2022年7月28日(木)市況解説 大引け
日経平均株価 27,815.48(+99.73)
TOPIX 1948.85(+3.10)
売買高概算 137679万株

大引け・続伸-後場はプラス圏で小動き

27日の東京株式市場で日経平均株価は続伸、前日比99.73円高の27815.48円で取引を終えた。米利上げペースの減速期待や好調な企業決算を支えに、朝方には300円近く上昇して節目の28000円台を回復する場面があったが、その後は目標達成感や円相場の強含みを嫌気して下げに転じる動きも見られた。後場は決算発表を手掛かりとした個別物色の色彩を強めるなか、小幅レンジの膠着商状となった。
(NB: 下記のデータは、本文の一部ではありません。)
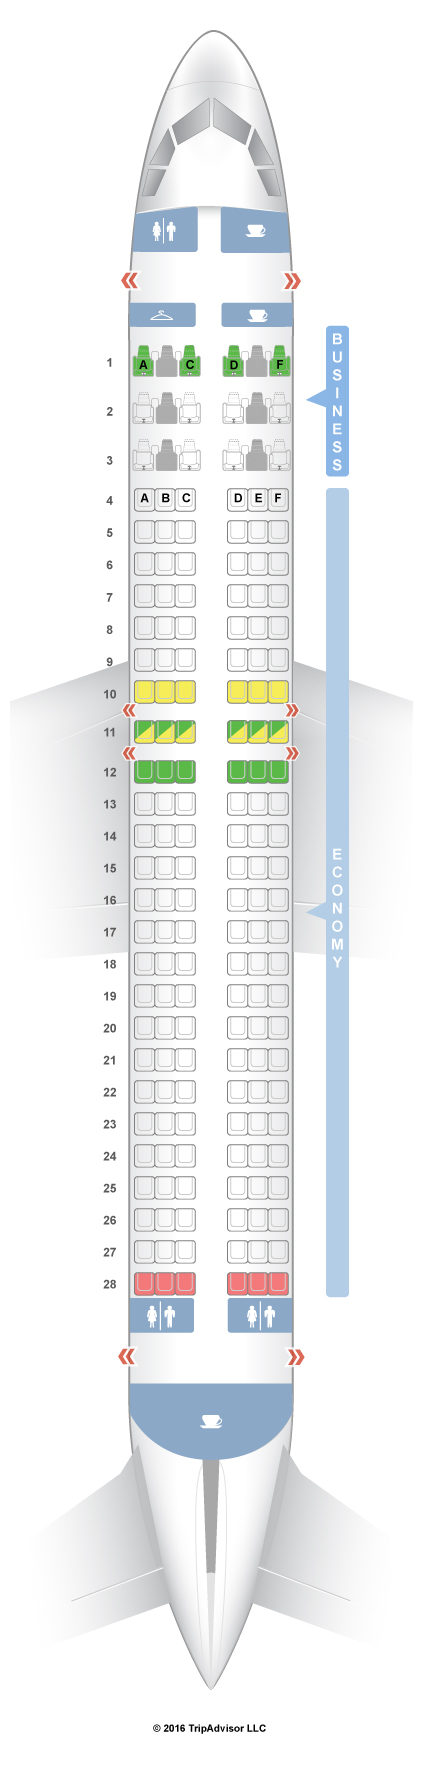 Seatguru Seat Map Brussels Airlines Airbus A320 320 V1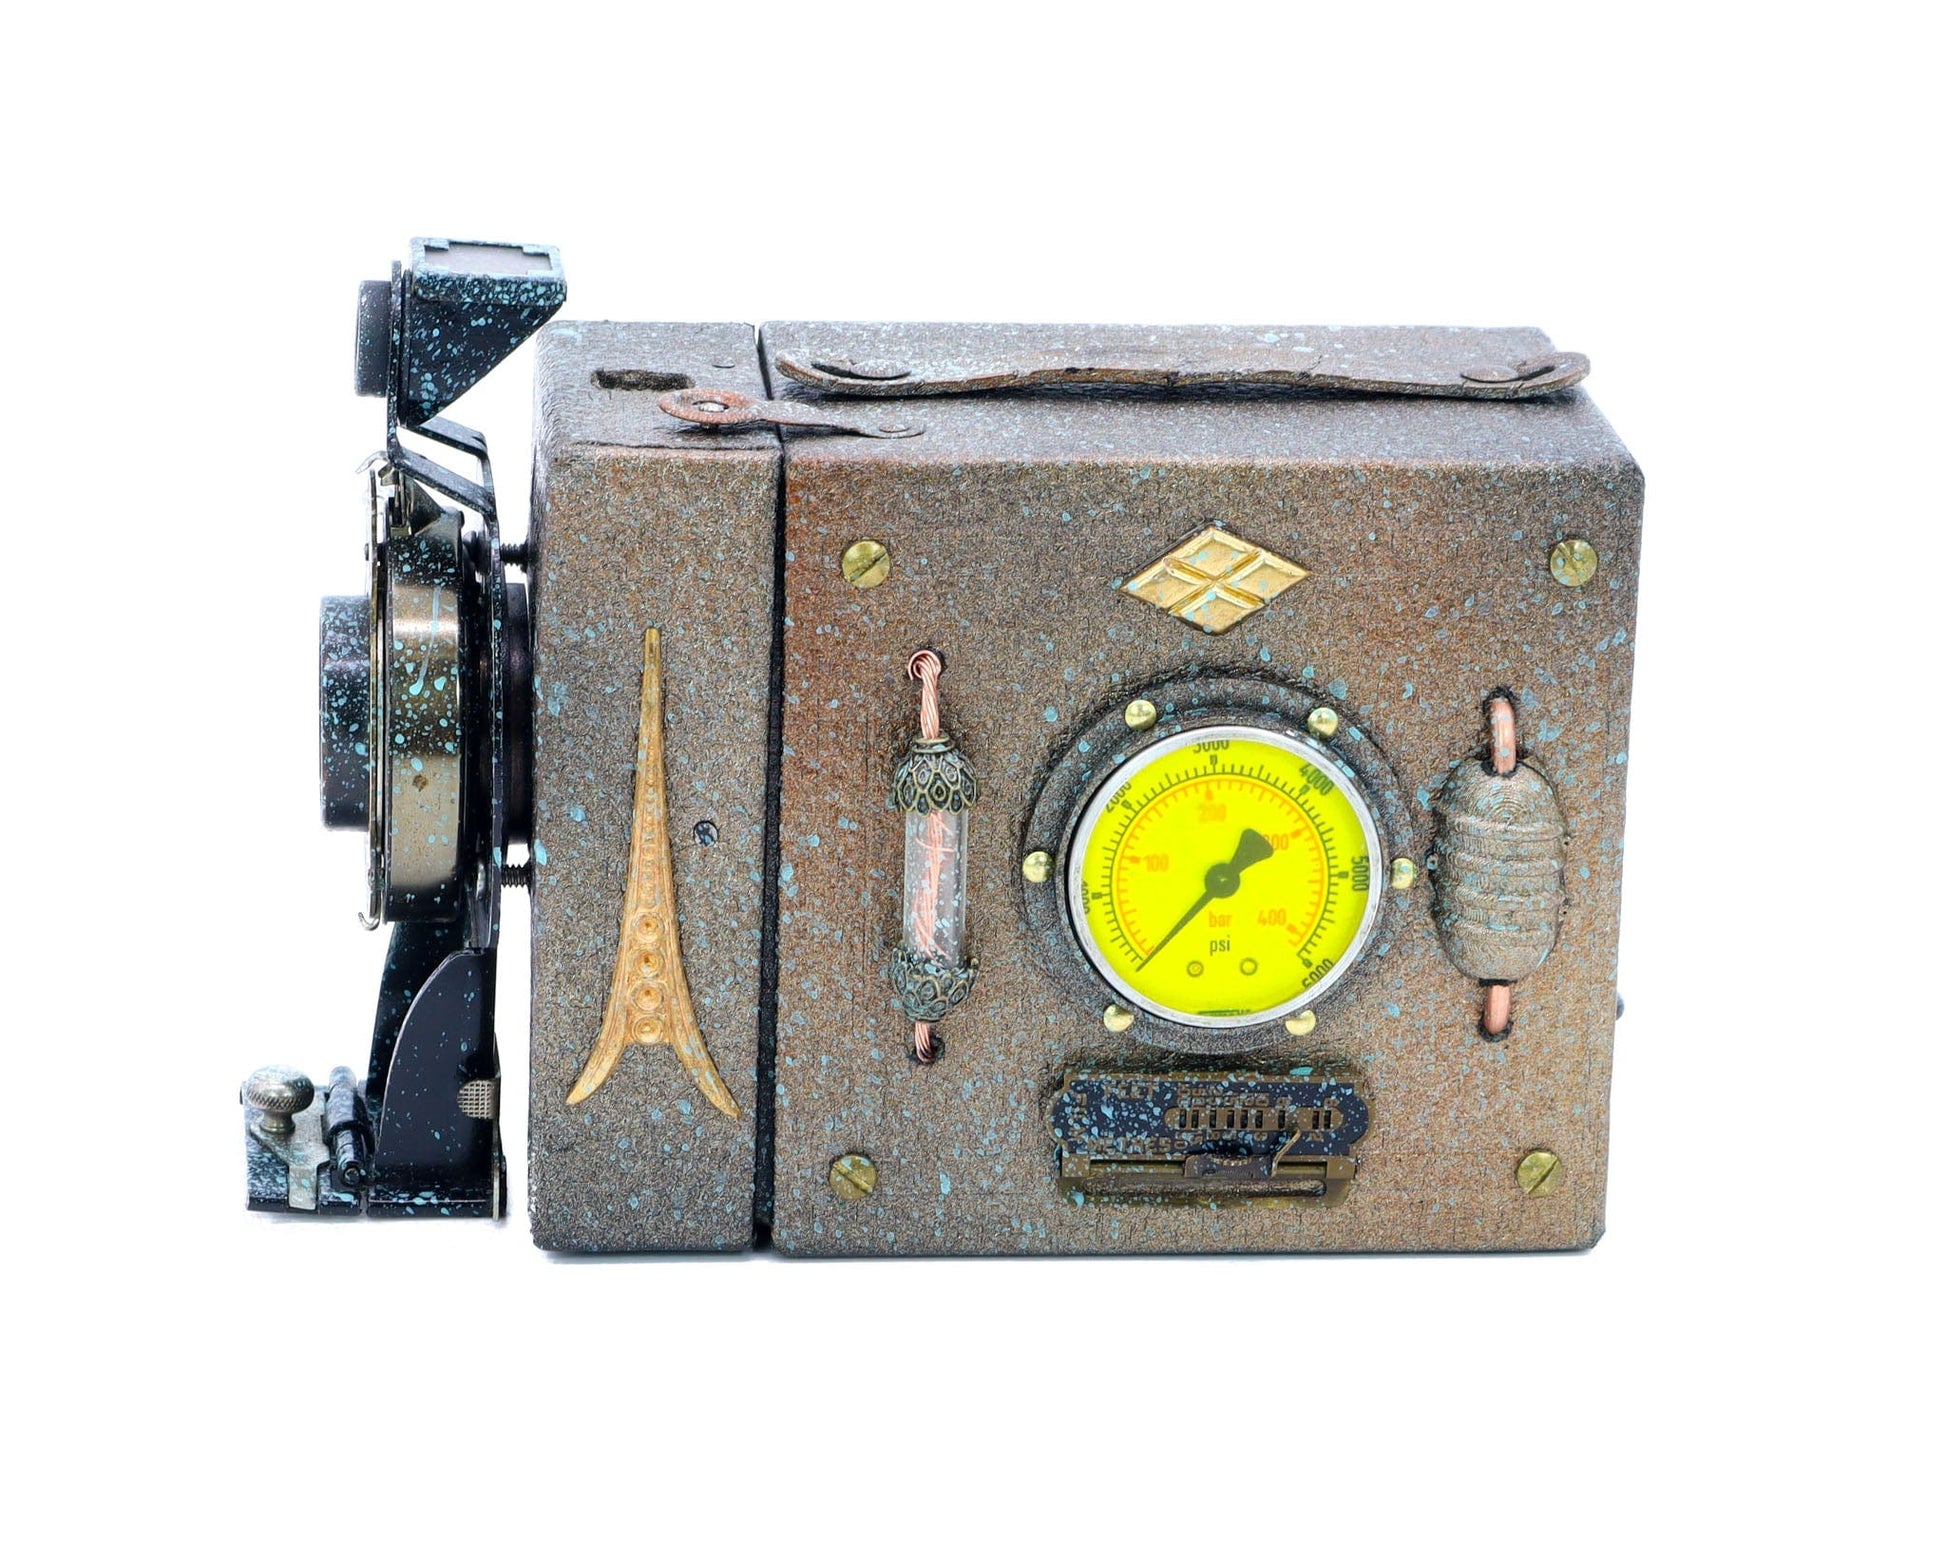 LightAndTimeArt Steampunk Speaker The Lost Treasure - Steampunk Bluetooth Speaker, Kodak Box Camera, Gifts for Geeks, Electronic Audio gadget, signed & numbered artwork

東証株価指数(TOPIX)も小幅続伸。東証プライム市場の売買代金は概算で3兆2742億円、売買高は同13億7679万株、値上がり銘柄数は全体の3分の2近い1203、値下がり549、変わらず85だった。業種別TOPIXは全33業種中、「電気・ガス」「鉱業」「サービス」など20業種が上昇し、下落は「輸送用機器」「保険」「空運」など13業種。午後の取引時間中に今3月期業績予想を上方修正した積水化学工業(4204)や、昼休み中に4-6月期の大幅増益を発表したメイテック(9744)が後場切り返し、きのうの決算発表が好感されたエムスリー(2413)は上げ幅を広げ14%近く上昇した。東邦ガス(9533)は今期利益見通しを据え置くも一段高で10%超えの急伸するなど、電力株・ガス株が軒並み買われた。エイチ・アイ・エス(9603)などのリオープン関連は終日しっかり。半面、円相場の強含みなどでトヨタ自動車(7203)、デンソー(6902)が下げ幅を広げ、4-6月期大幅営業減益の三菱電機(6503)が一段安、バリューコマース(2491)は今12月期予想の据え置きで成長鈍化が意識され、年初来安値を更新した。キッセイ薬品工業(4547)は子宮筋腫適応の開発品導出先の米企業が更生手続き入りしたとの発表が嫌気された。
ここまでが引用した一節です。